The Hain Celestial Group (Nasdaq: HAIN), the leading natural and organic food company, today announced a net profit of $10.3 million, or $0.30 per share on a diluted basis, for its second quarter ended December 31, 2000, an increase in net income of 21 percent compared to the same period the previous year. Net revenues for the second quarter totaled $116 million. EBITDA strengthened in the second quarter to $20.9 million, compared to $18.4 million in the same quarter of 1999.

Irwin D. Simon, Chairman, President and Chief Executive Officer of The Hain Celestial Group said, “Our performance this quarter demonstrates that Hain Celestial’s strategy and execution are solidly on track. I am especially pleased with the successful implementation of our strategy to grow grocery channel business through increased marketing and distribution. We are seeing major grocery customers around the country respond to consumer demand, and expand their offerings in natural and organic foods.”

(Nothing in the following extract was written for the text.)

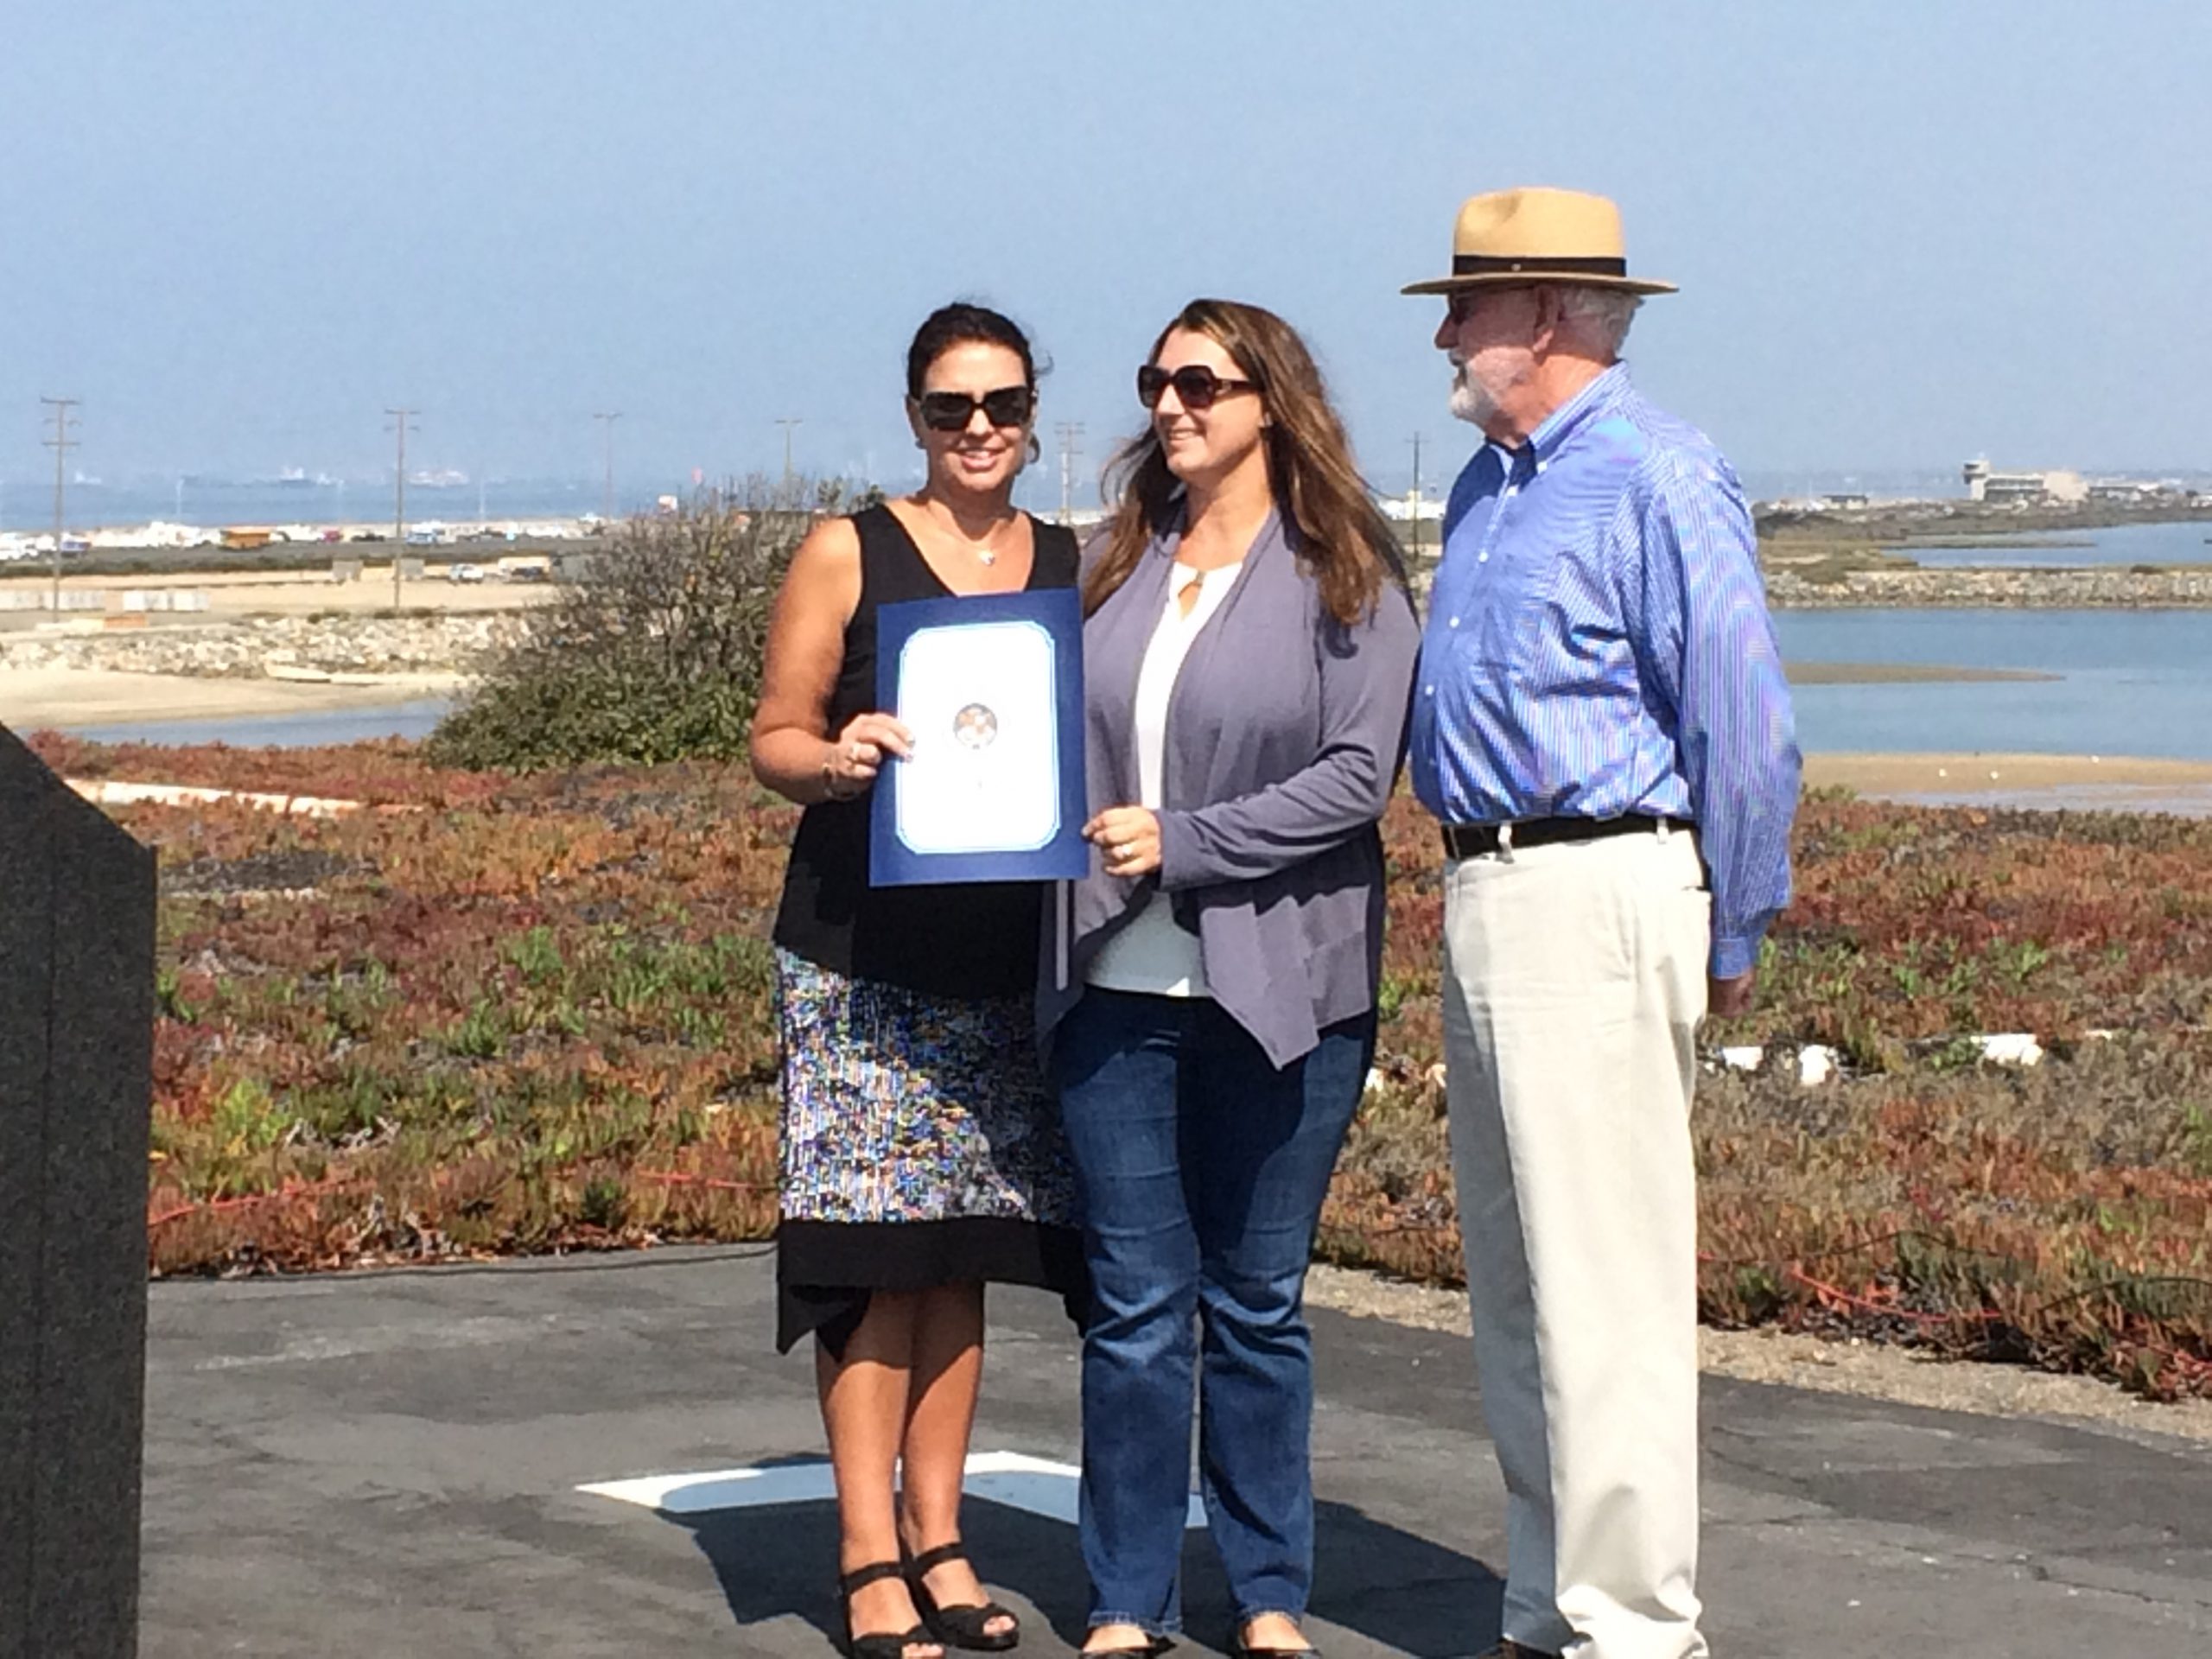 Speakers at the 10th anniversary celebration for the Bolsa Chica Lowlands Restoration Project
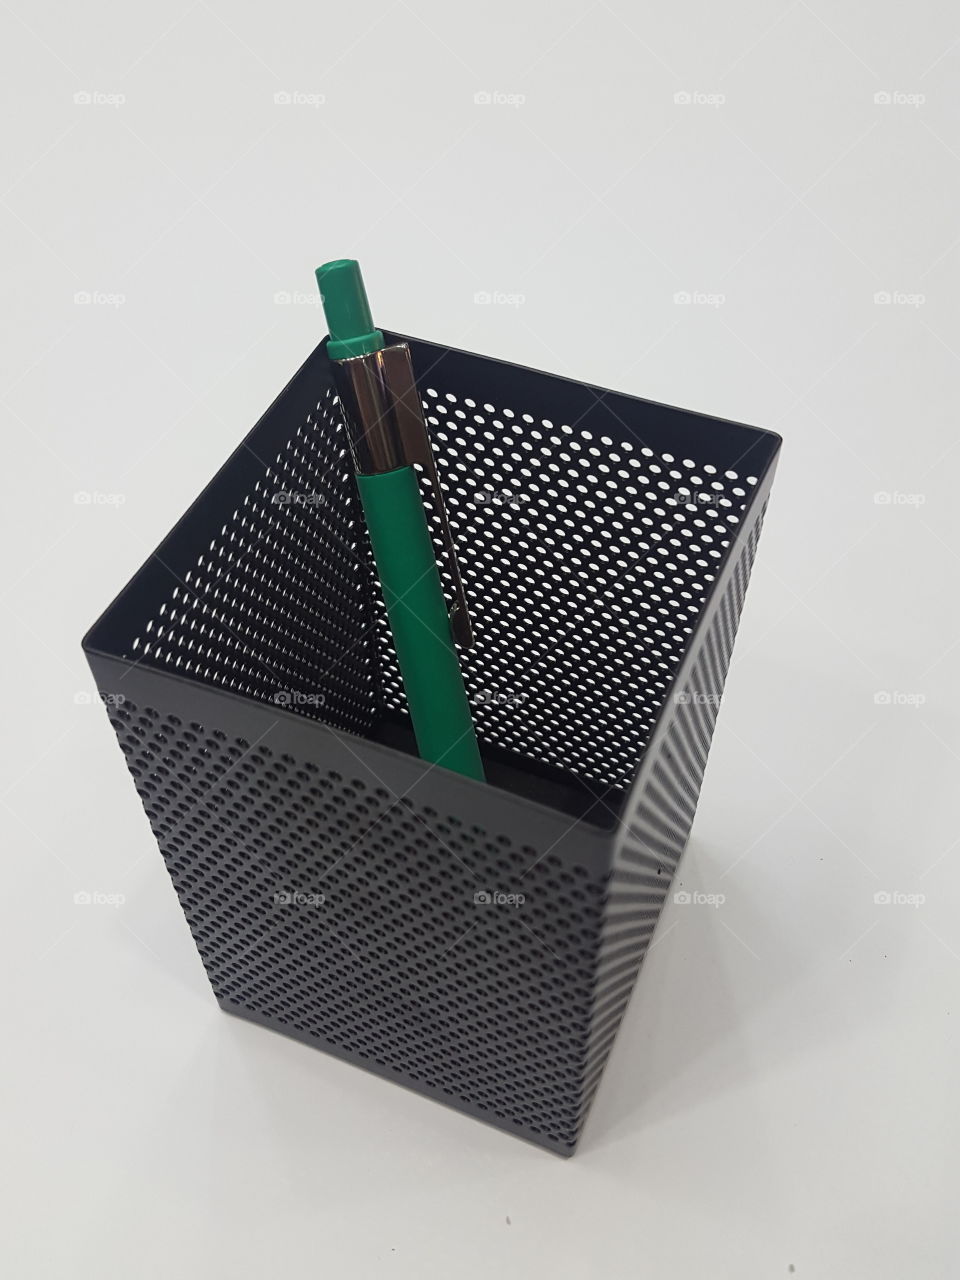 Black Perforated metal pen stand with green plastic body pen

“We are beginning to reap the rewards of our investments in marketing programs, personnel, processes and our commitment to growing our grocery business,” continued Mr. Simon. “In our second quarter, our rocket brands continued to show strong growth. Earth’s Best and Health Valley — two of the brands that we had targeted for strong growth in 2001 — increased sales by 12.5 percent and 10 percent respectively, compared with the same quarter last year.”

Following Celestial Seasonings’ management changes, strategic refocus, and process improvements, tea sales increased by 7 percent in the second quarter compared to the same period of fiscal 2000, and DSO’s for Celestial Seasonings reduced dramatically. Terra Chips increased sales by 19 percent over the second quarter of 2000, and, just by meeting existing customer demand, Terra Chips reached capacity in the quarter. Consequently, the Company was unable to distribute Terra Chips to new customers, adversely impacting its revenue potential. Hain Celestial has already implemented steps to raise capacity, including new co-packer agreements and the construction of an additional plant, which is anticipated to open in the first half of next fiscal year.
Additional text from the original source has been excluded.